Research Intern – 3D/4D Generation and Perception Foundation Model Research

Machine Learning, Computer Vision

Internship

Location flexible (Tokyo, Europe, US)

Position Summary

Sony AI is looking for research interns to join our 3D/4D Foundation Model team. Our team emphasizes both fundamental and applied research, aiming to develop 3D/4D generation and perception model. As a research intern, you will engage in cutting-edge research, create methodologies, design, and prototype solutions. You will collaborate with a dedicated team of scientists and engineers to address complex challenges in 3D/4D foundation models and generative AI, such as object asset generation, scene generation, character generation, and video generation. Additionally, you may have the opportunity to collaborate with Sony's entertainment divisions in gaming, movies, music, and anime.

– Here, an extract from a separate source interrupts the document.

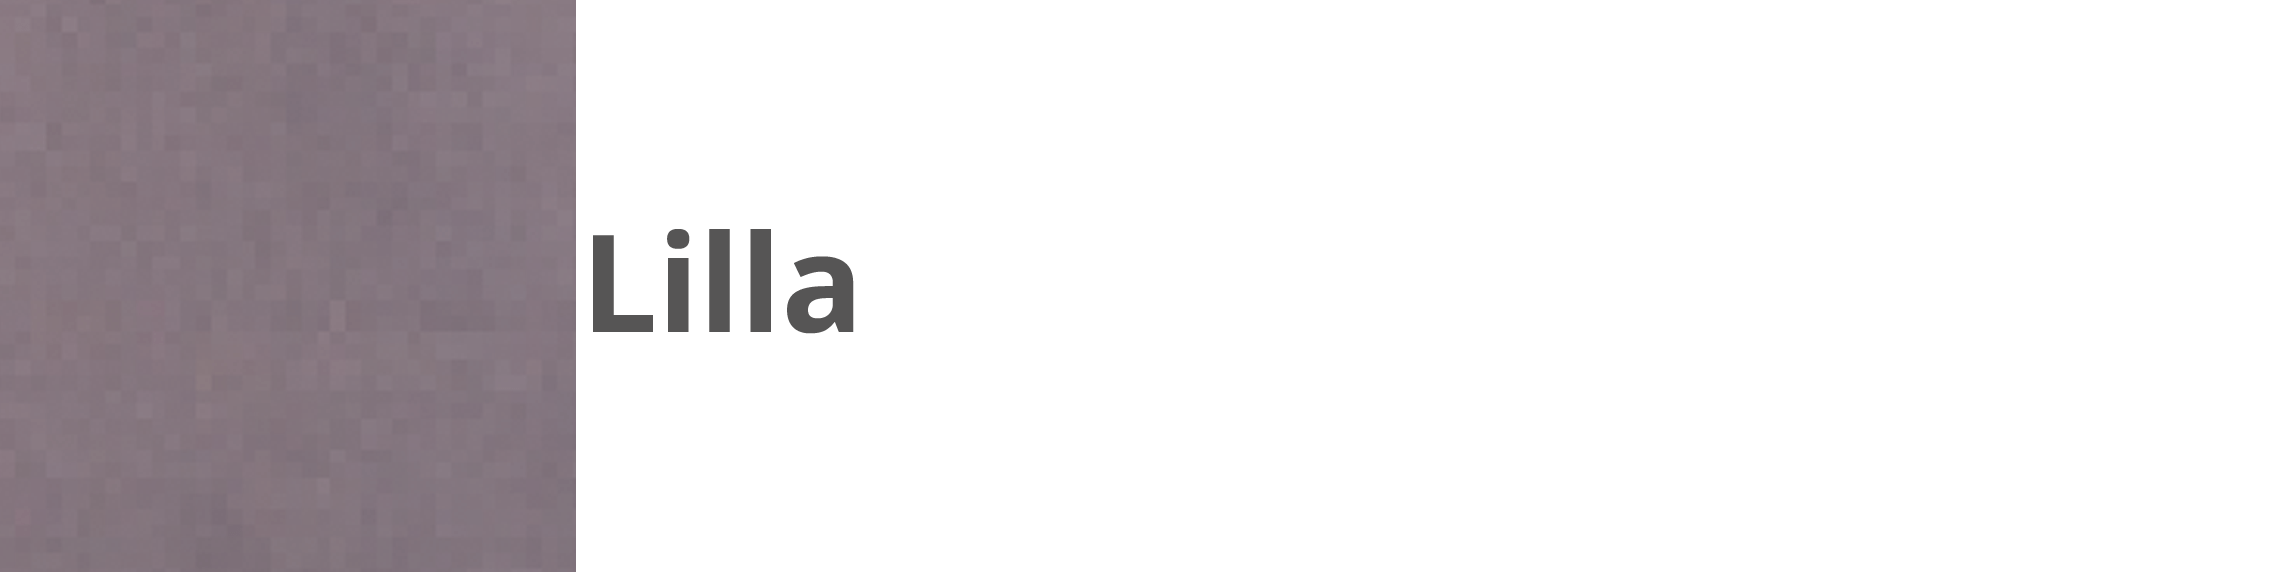 6N35 Microfibra Lilla
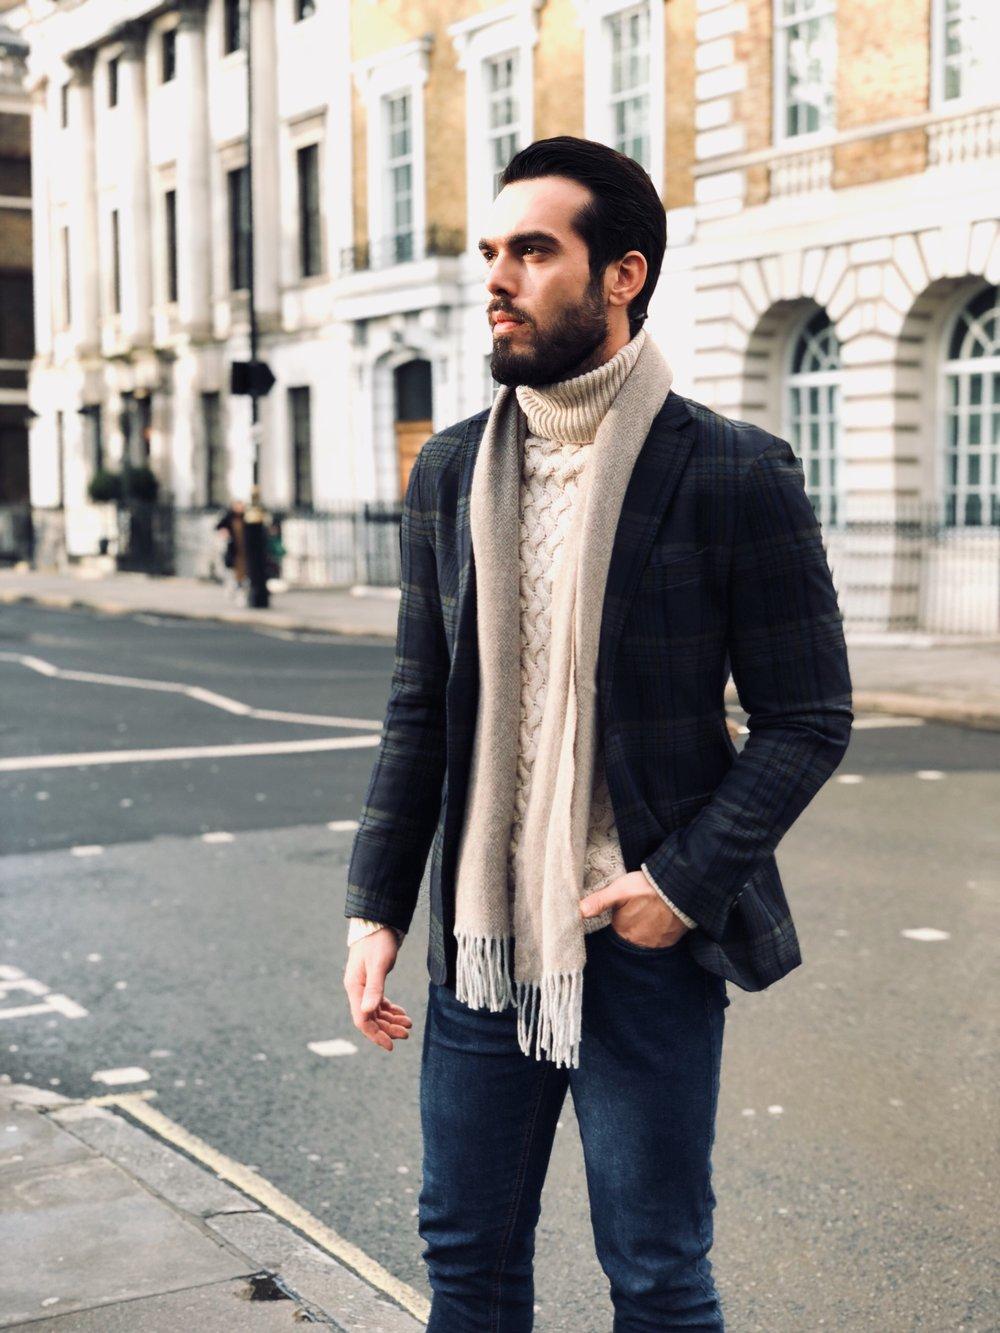 Jacket: Tommy Hilfiger / Jeans: Pepe jeans / Scarf: Hackett London / Knitwear: Massimo Dutti

Roles and Responsibilities

Conduct fundamental and innovative research in 3D/4D generation and perception models, including but not limited to architecture design and methodology design.
Be self-motivated and capable of proposing and implementing innovative ideas.
Deep understanding of 3D/4D foundation model development and various applications, such as object asset generation, scene generation, character generation, and video generation.
Write reports and give presentations to internal and external audiences.
Contribute to library and tool development to support research and business.
Publish influential research outcomes in top-tier conferences and journals.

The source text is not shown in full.